**PROVIDED MATERIAL**:

───

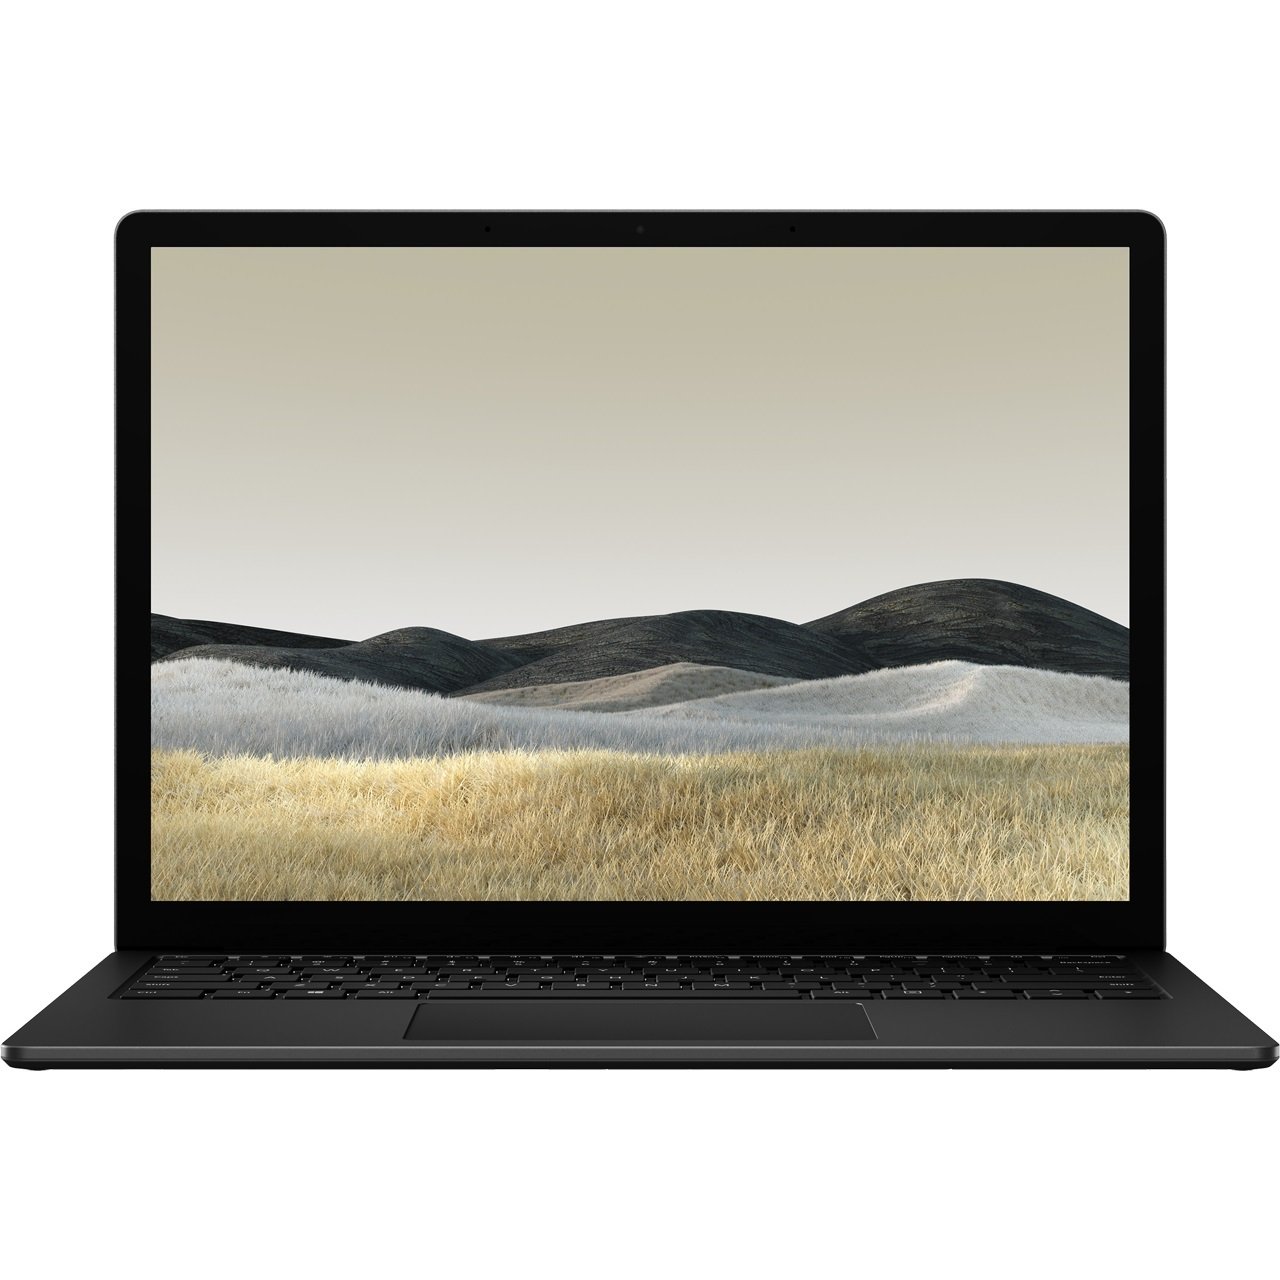 Microsoft Surface Laptop 3 13.5in i7 16GB 256GB - Black
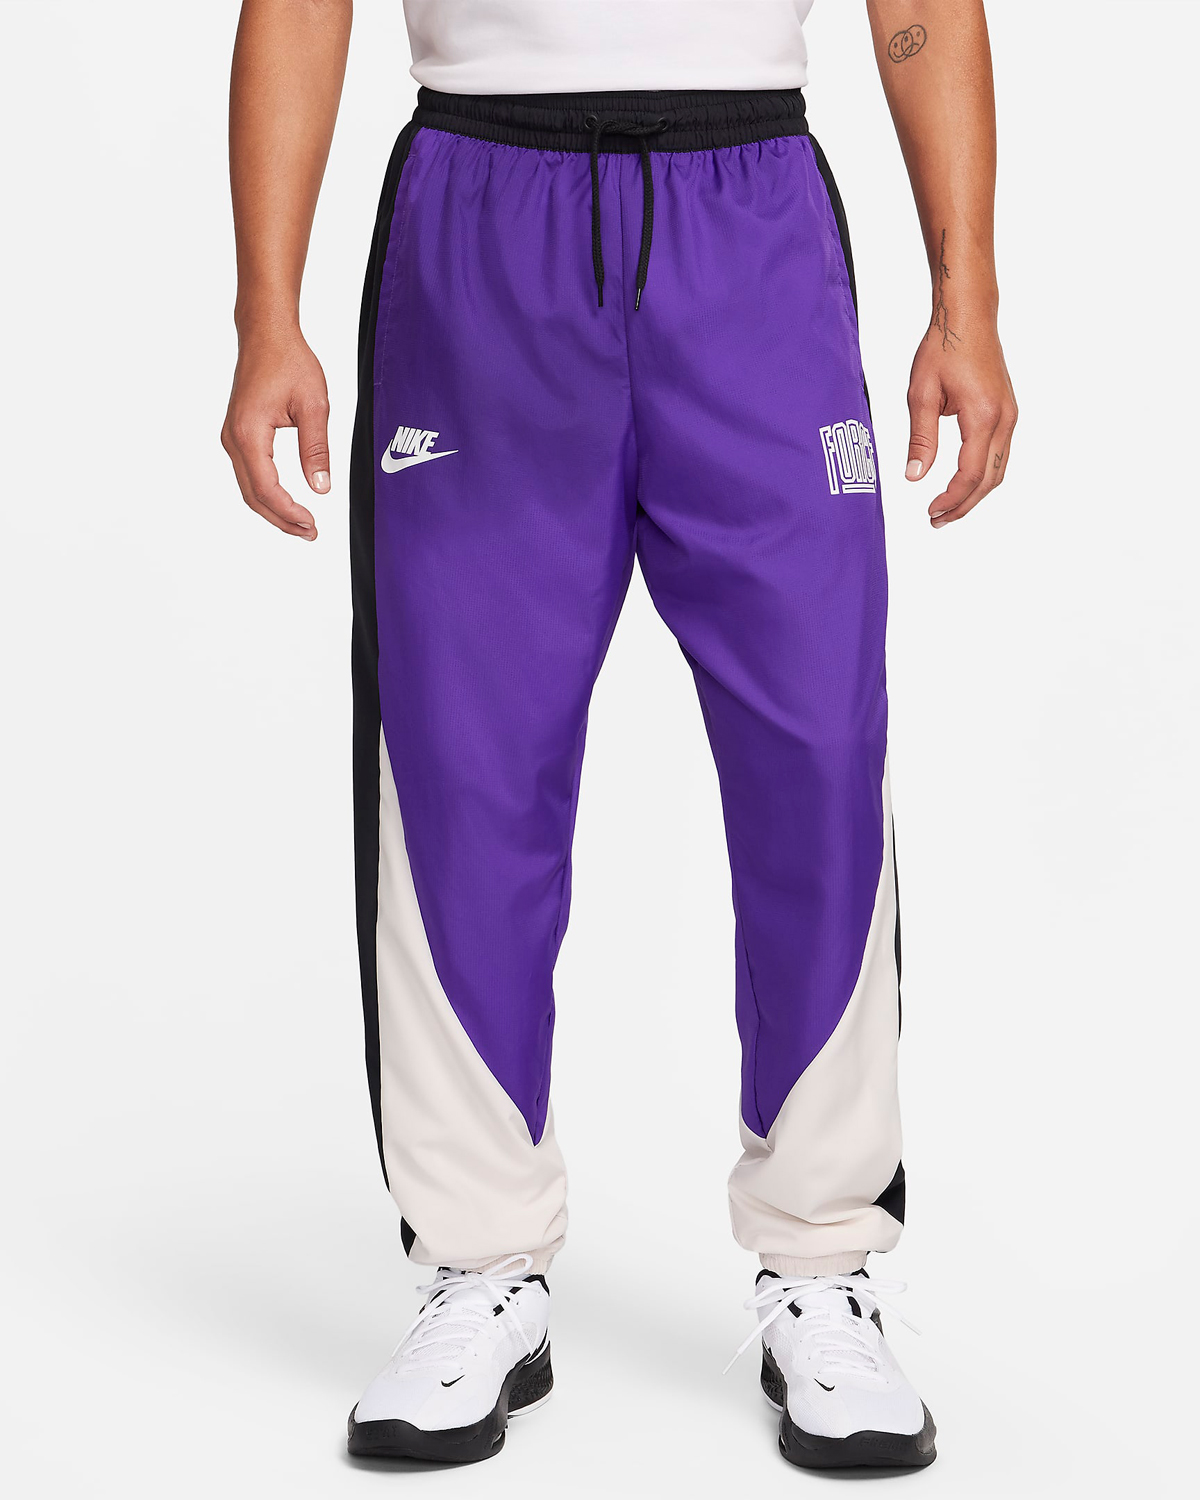 Nike-Starting-5-Pants-Pants-Field-Purple
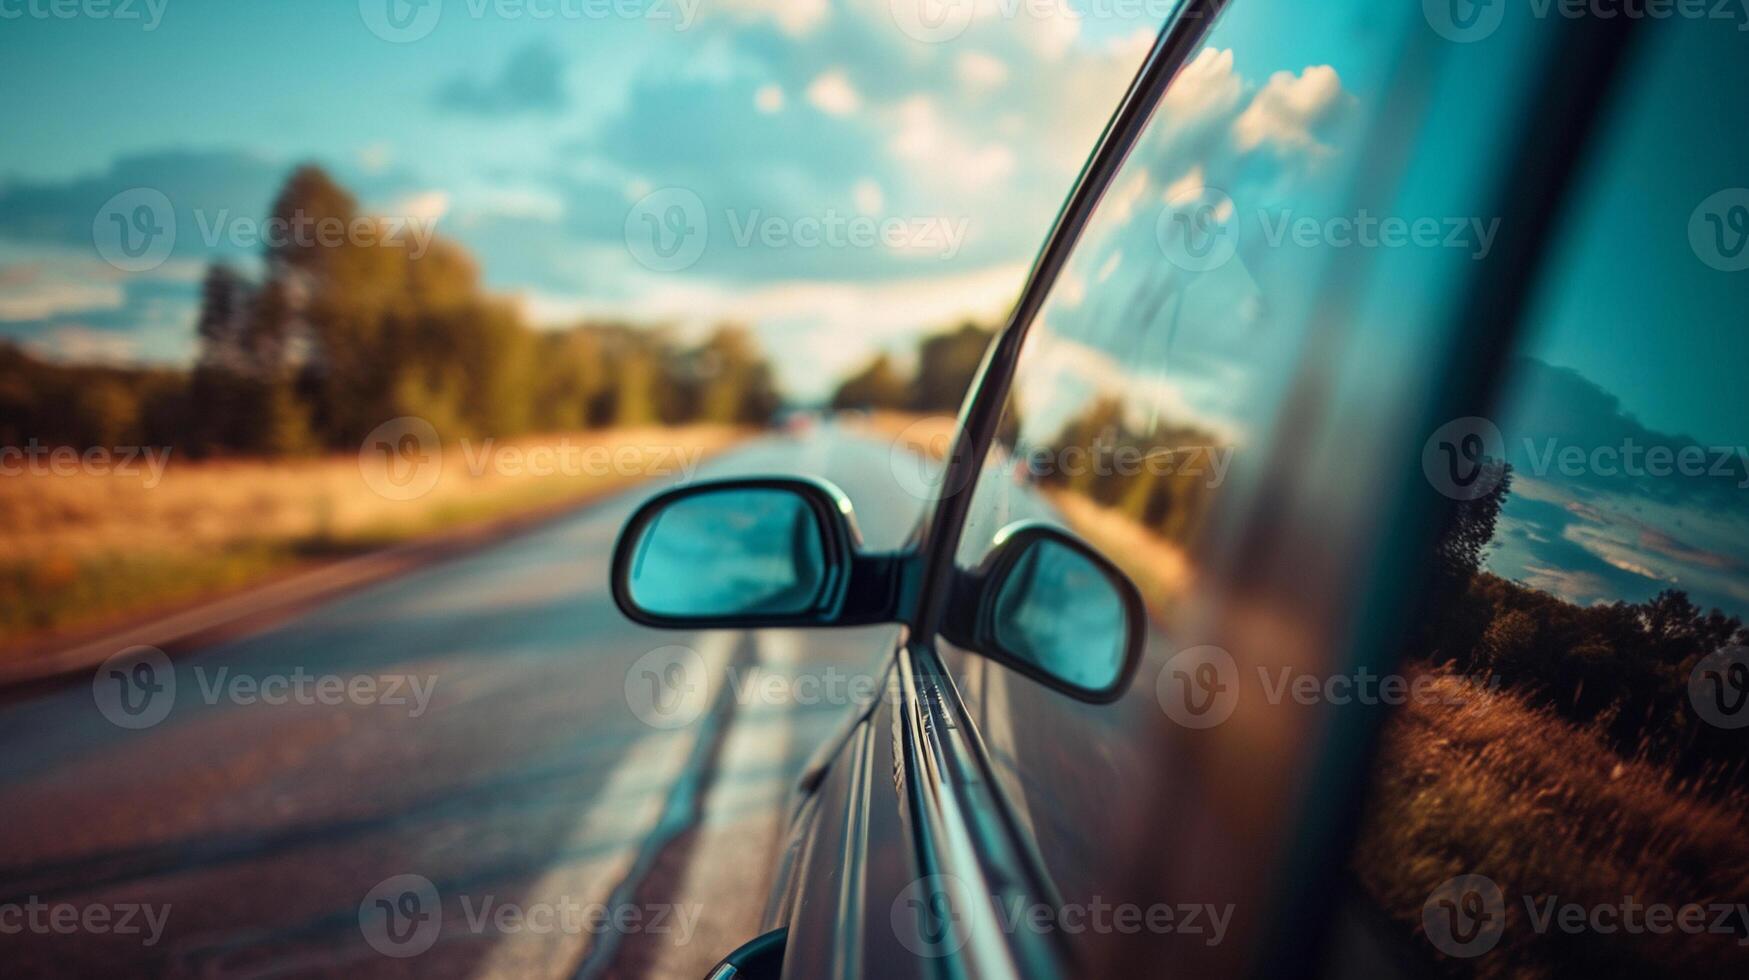 AI generated Road Trip Vibes, background image generative AI photo

───

**TASK DESCRIPTION**: Restate every line of the data above word for word, with the images removed.

**OUTPUT OF THE EXERCISE**:
 Microsoft Surface Laptop 3 13.5in i7 16GB 256GB - Black
 Nike-Starting-5-Pants-Pants-Field-Purple
 AI generated Road Trip Vibes, background image generative AI photo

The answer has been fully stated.